Travellers will be required to complete online forms covering health, education, and criminal convictions in order to apply for an ETIAS that will cover their travel to the EU for three years. However, while this was originally set to launch in 2022, and then pushed back to May 2023, it will now not be launched until November 2023.
This programme has been criticised by some UK politicians, while many believe that ETIAS will speed up border crossings from the UK and could relieve delays that are being experienced in airports at present, UK travellers will not have to undergo checks with the ETIAS system in place.
Despite this launch being pushed back to November 2023, the launch of the automated Entry/Exit System (EES) is still set for launch in May 2023. This system will require all non-EU arrivals to scan four fingerprints and have a photo taken.

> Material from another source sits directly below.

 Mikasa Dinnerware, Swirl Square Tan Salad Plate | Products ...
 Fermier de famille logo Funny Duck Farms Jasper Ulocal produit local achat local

The biometric data will be captured on their first entry to the EU only. It will register the name, travel documents, and the date and place of entry and exit for the traveller. This EES system is set to replace the need to stamp British passports when they are entering the EU.
A similar scheme to the ETIAS is being worked on in the UK at present. Foreign visitors may be required to use the Electronic Travel Authorisation (ETA) which is expected to process nearly 30 million applicants a year after its launch.